Problem
Skip the pictures and copy all the data that follows exactly.

Input data
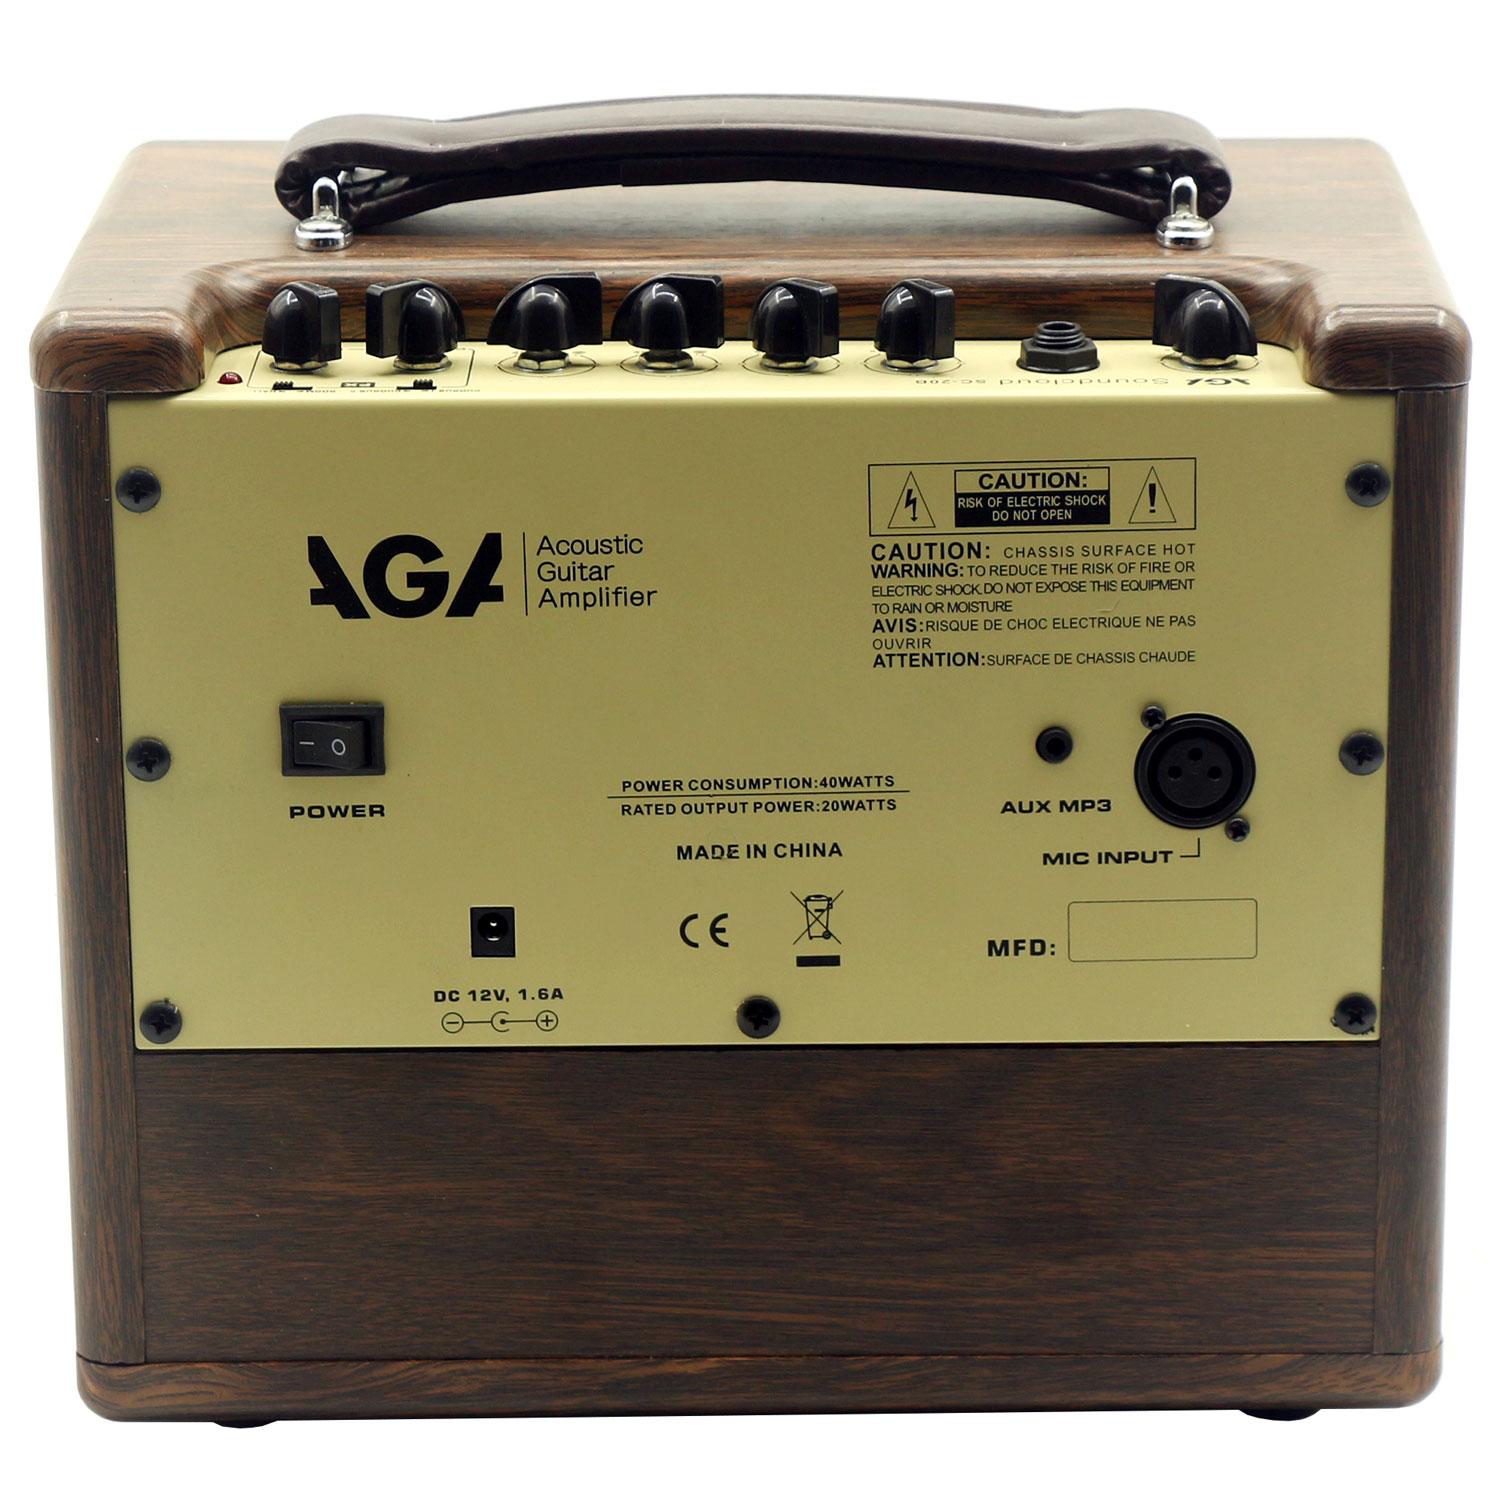 Cong-cam-Ampli-Dan-Acoustic-va-Classic-Giutar-AGA-SC-20-B-tiki
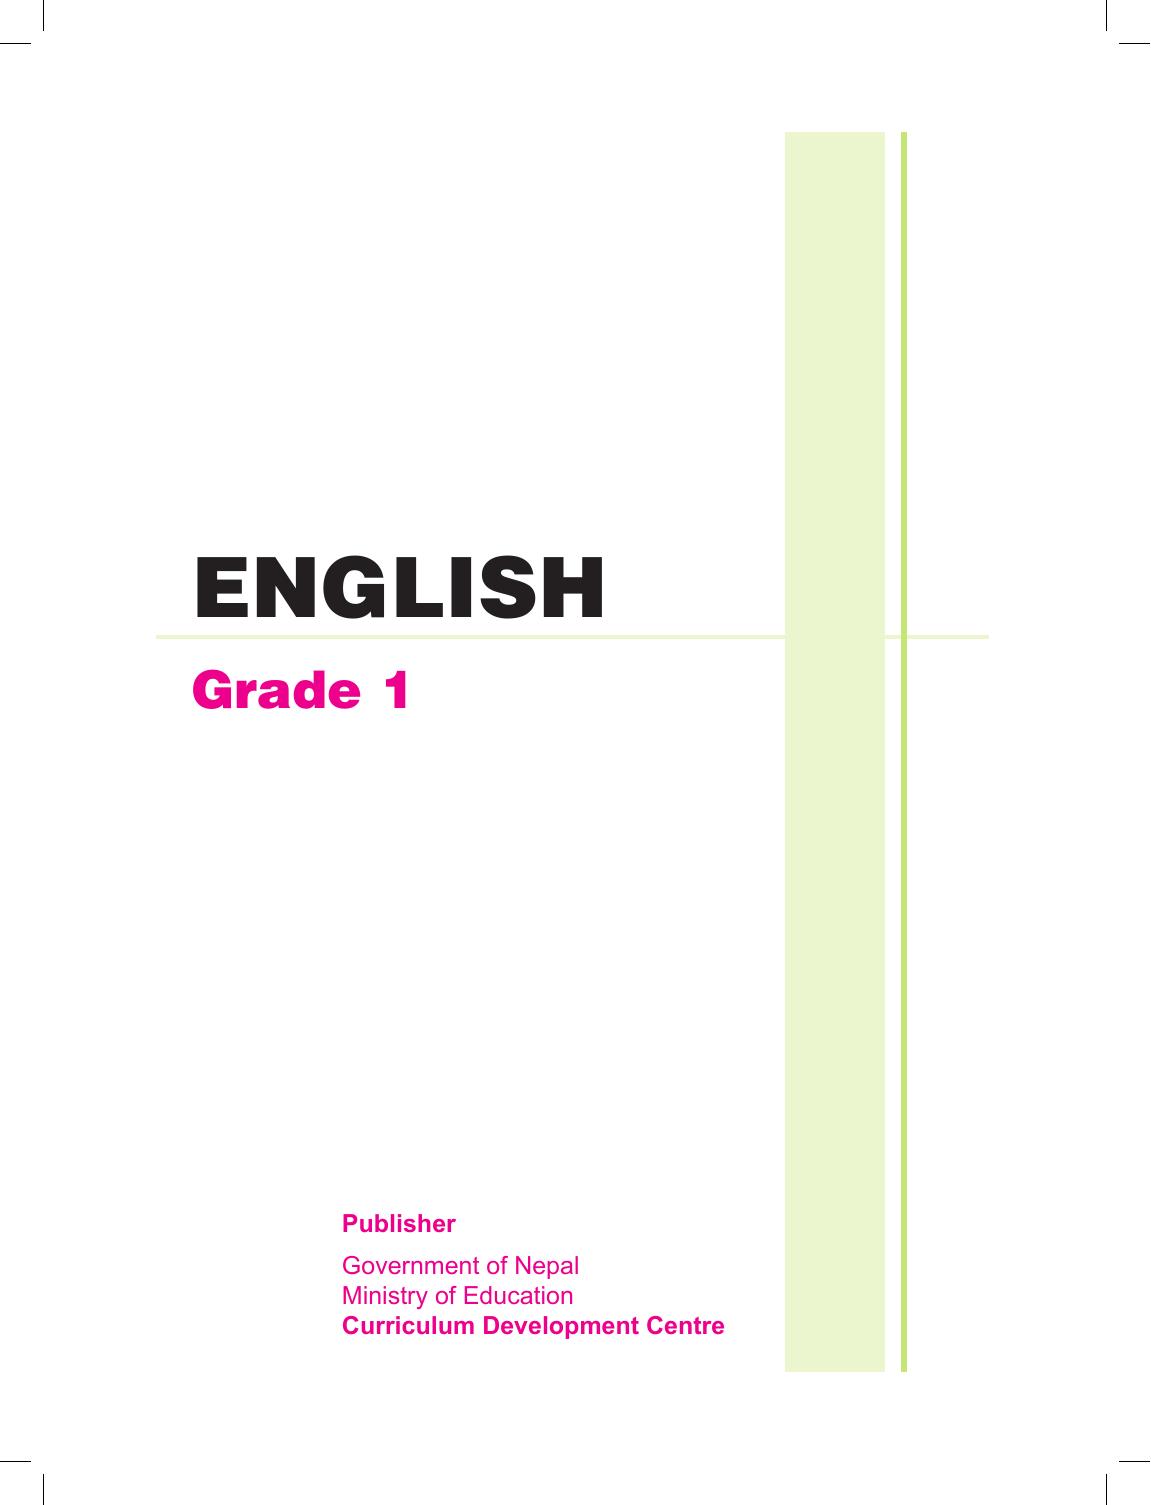 CDC 2016 - English Grade 1
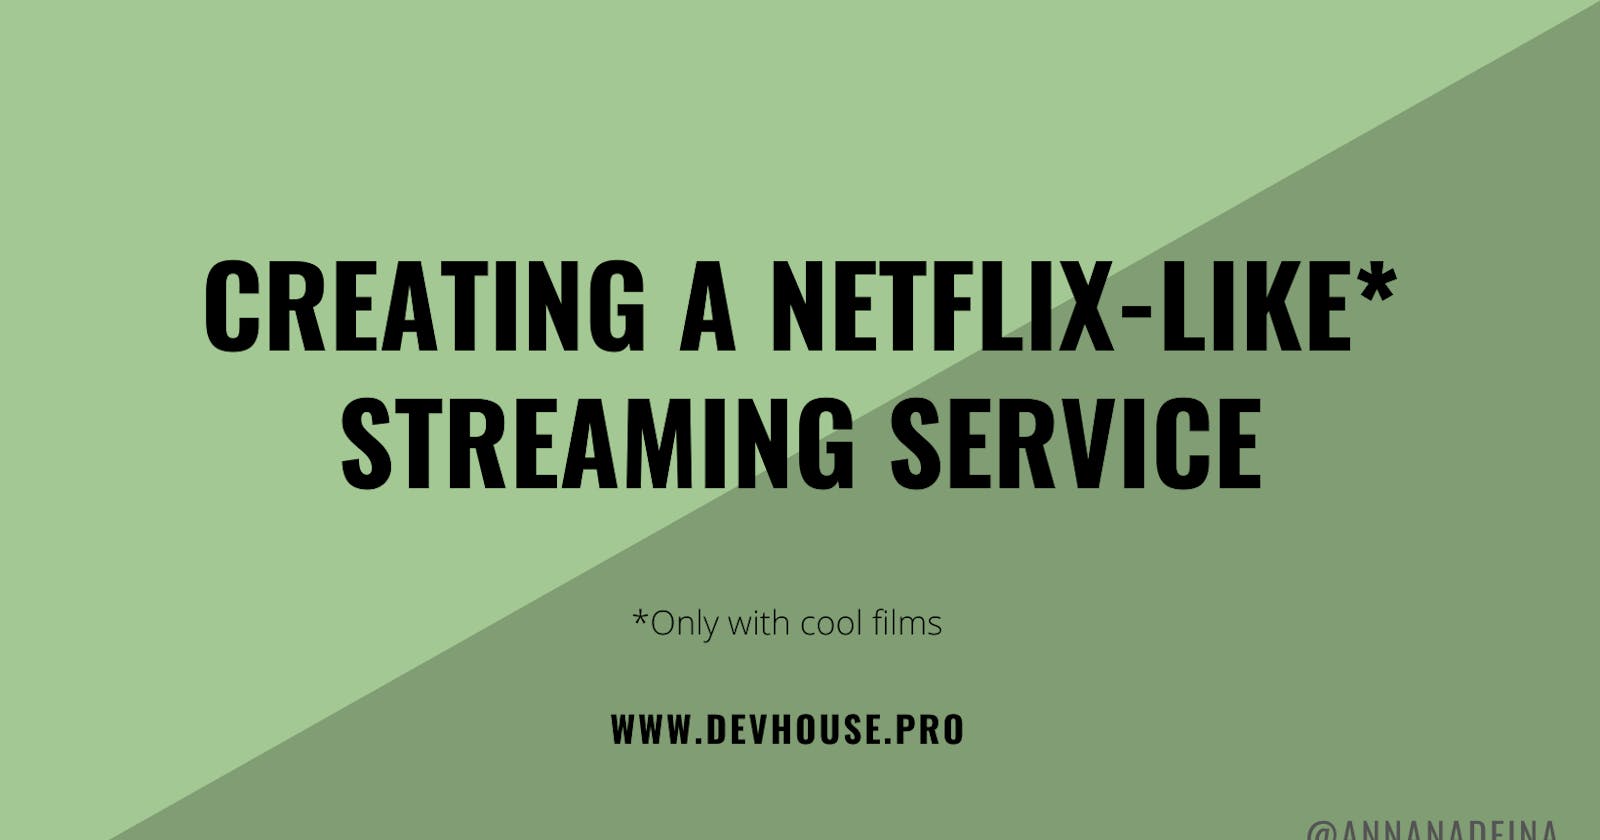 Creating a Netflix-like streaming service

Answer to the exercise
 Cong-cam-Ampli-Dan-Acoustic-va-Classic-Giutar-AGA-SC-20-B-tiki
 CDC 2016 - English Grade 1
 Creating a Netflix-like streaming service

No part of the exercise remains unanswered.